* **Task item**
Your output should match the listing below word for word, without any images.

━━━━━ Dataset extract

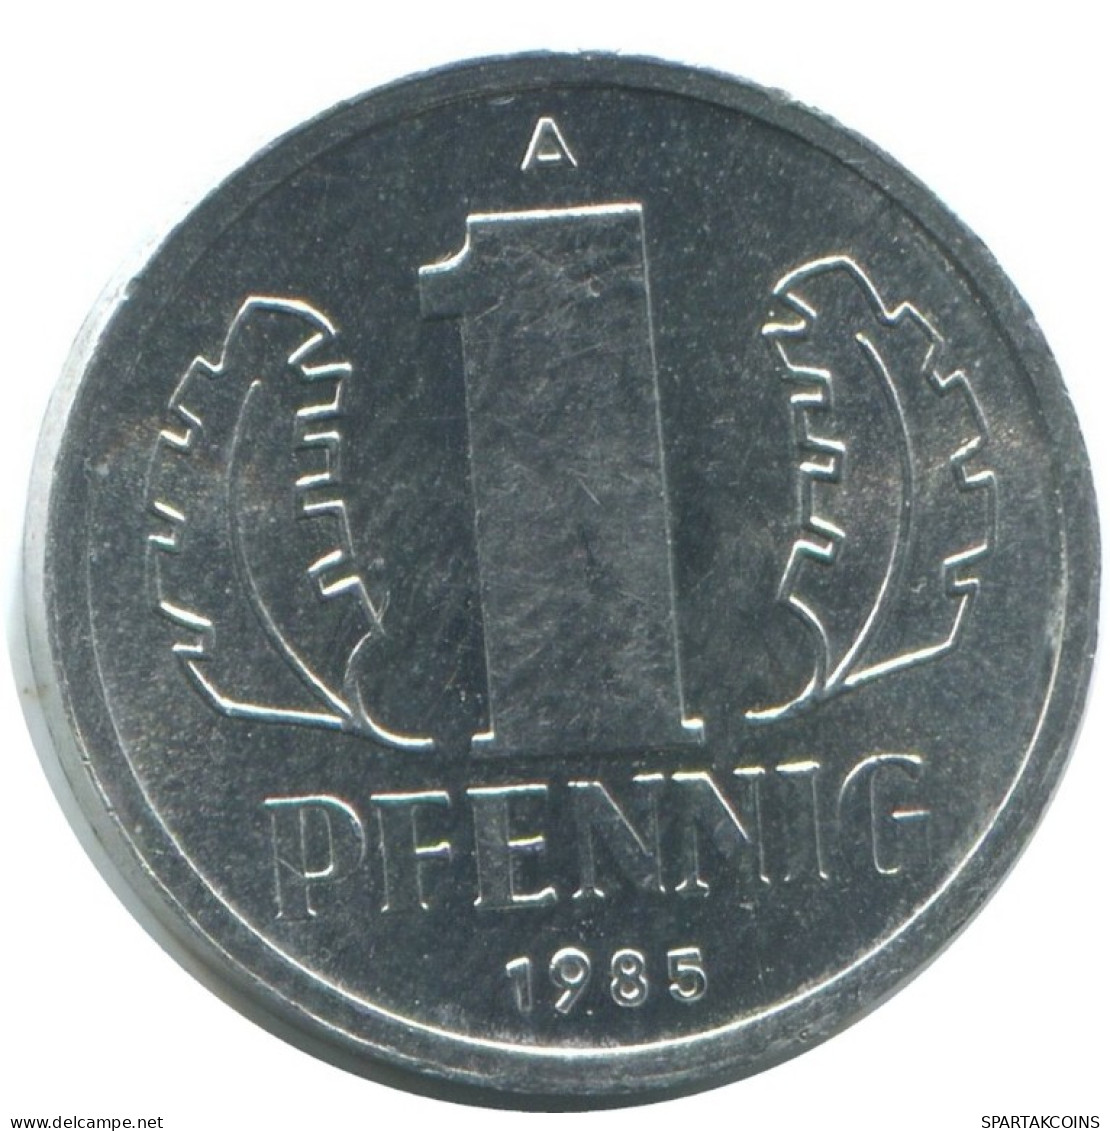 1 PFENNIG 1985 A DDR EAST DEUTSCHLAND Münze GERMANY #AE065.D.A - 1 Pfennig
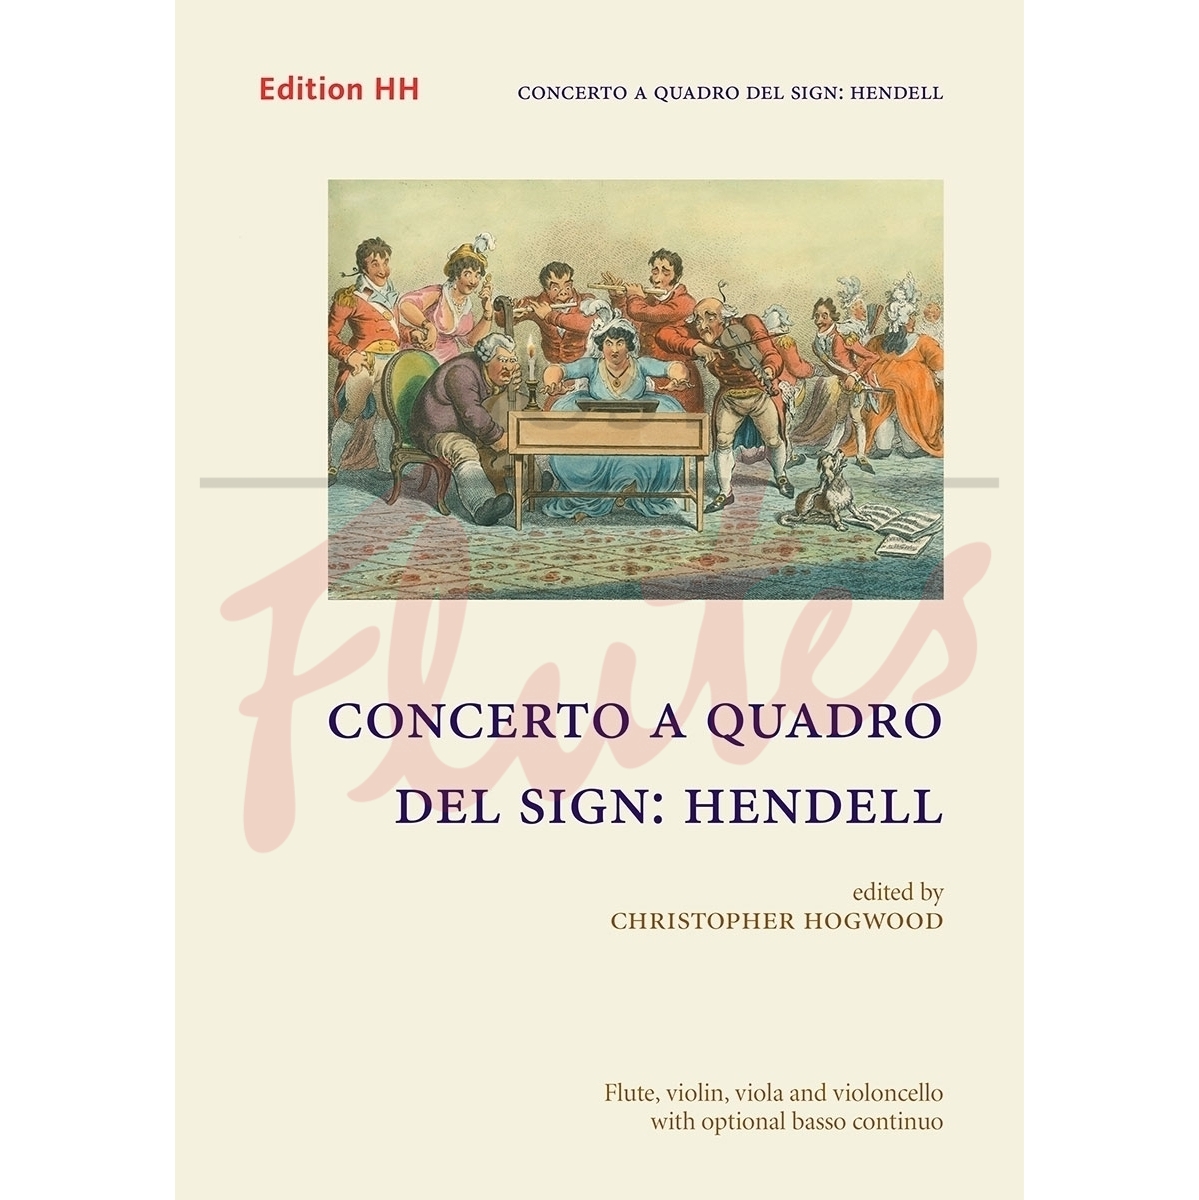 Concerto a Quadro for Flute, Violin, Viola and Cello
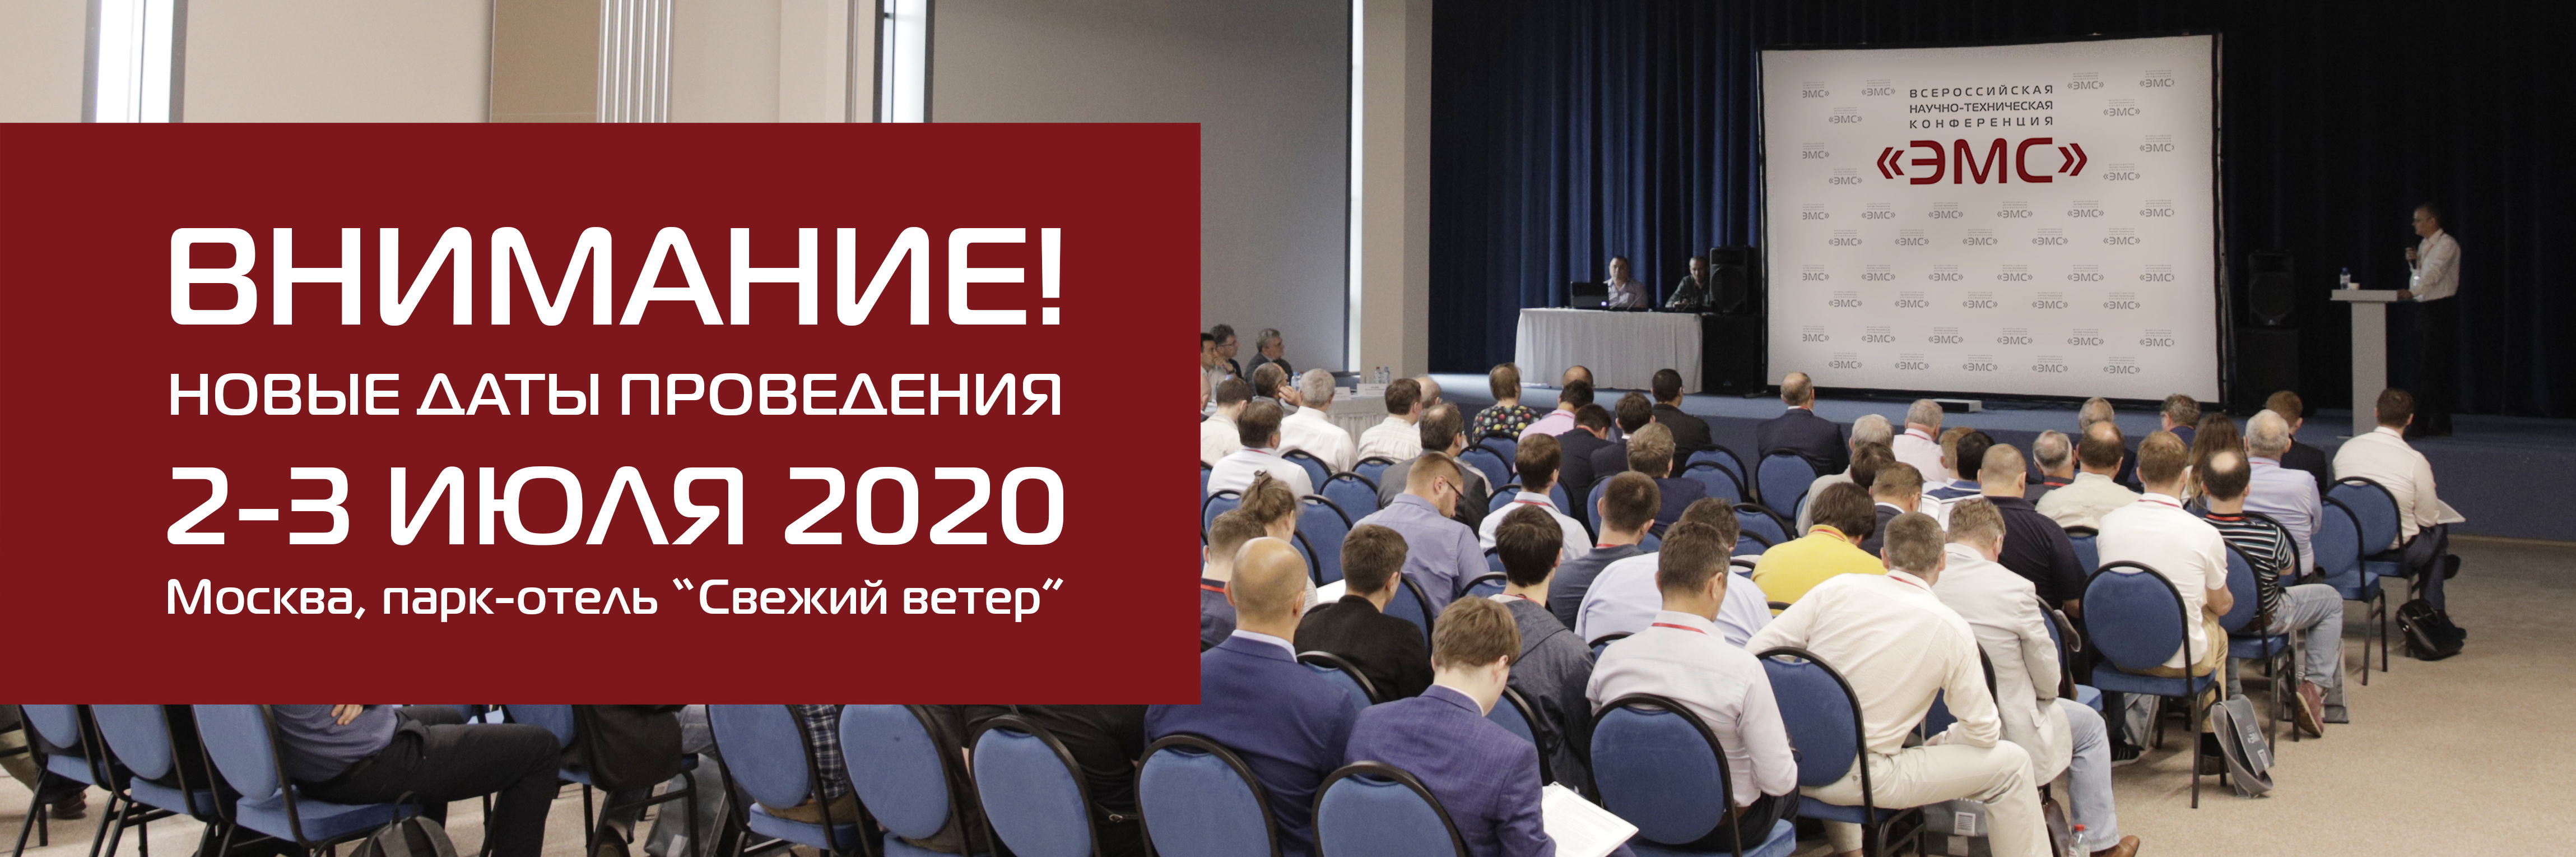 Ix всероссийская научная конференция. Конференция ЭМС. Конференции. Обучающее оффлайн конференция.

━━━━━━━━━━

* **Answer for the task**
 1 PFENNIG 1985 A DDR EAST DEUTSCHLAND Münze GERMANY #AE065.D.A - 1 Pfennig
 Concerto a Quadro for Flute, Violin, Viola and Cello
 Ix всероссийская научная конференция. Конференция ЭМС. Конференции. Обучающее оффлайн конференция.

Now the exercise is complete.